Nobody expected Foles to start long-term for the Eagles. He barely played in the preseason with elbow soreness. But Foles has the ability to make all of the throws. He’ll have some success come Sunday. With Wentz, however, the situation didn’t matter. It’s easy to trust Wentz like a child trusts a caring parent. So many times Wentz just made plays happen. Statistics, outside of Philadelphia being ridiculously good on third downs, could never accurately portray having Wentz as starting quarterback. Any situation felt winnable with Wentz.

It’s going to take some time, hopefully just three weeks, for Foles to feel fully engaged with the offense, and his weapons. Having Alshon Jeffery and Zach Ertz will help Foles tremendously. The fact that general manager Howie Roseman had the forefront to trade for Jay Ajayi shortly before the deadline might have saved the Eagles offensive season. That trade serves as a reminder to never grow complacent, because there’s always an opportunity to learn and get better.
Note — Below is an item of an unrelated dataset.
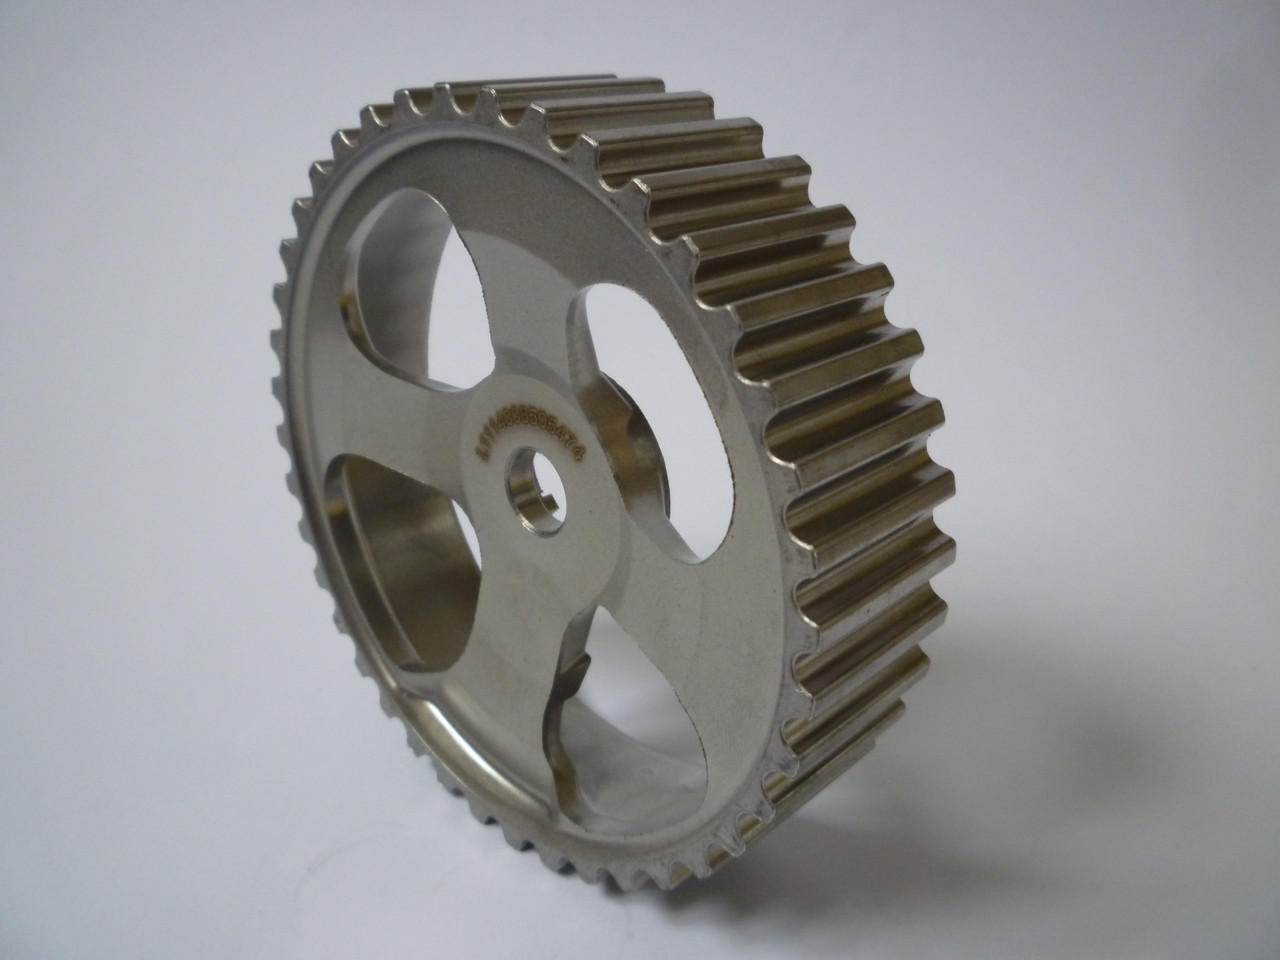 Шкив, шестерня распредвала на Renault Trafic / Opel Vivaro 1.9dCi с 2001... Metalcaucho (Испания), MC05474
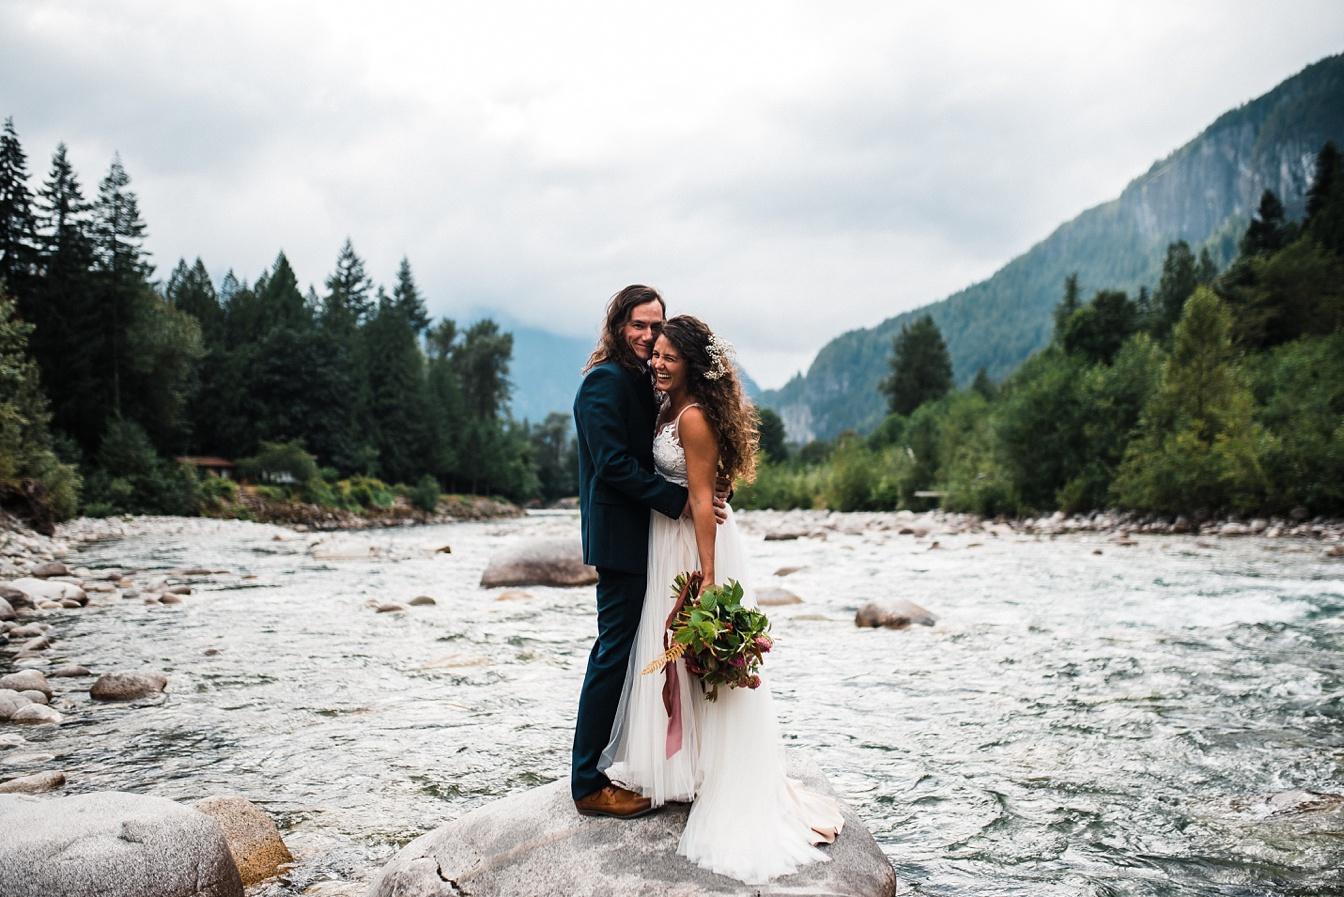 Elopement photography for adventure elopements

Football, after all, is the ultimate team game. In middle school, a coach said the offensive line is only as good as its weakest link. It’s something I remember so vividly, and it’s something I’ve thought about since superman Wentz tore his ACL. Rallying around this 53-man roster will be exuberant. It’s the most fun Eagles season since Foles led the team to the postseason in 2013. Now, No. 9 is back behind Jason Kelce, hoping to lead this team even deeper into the postseason.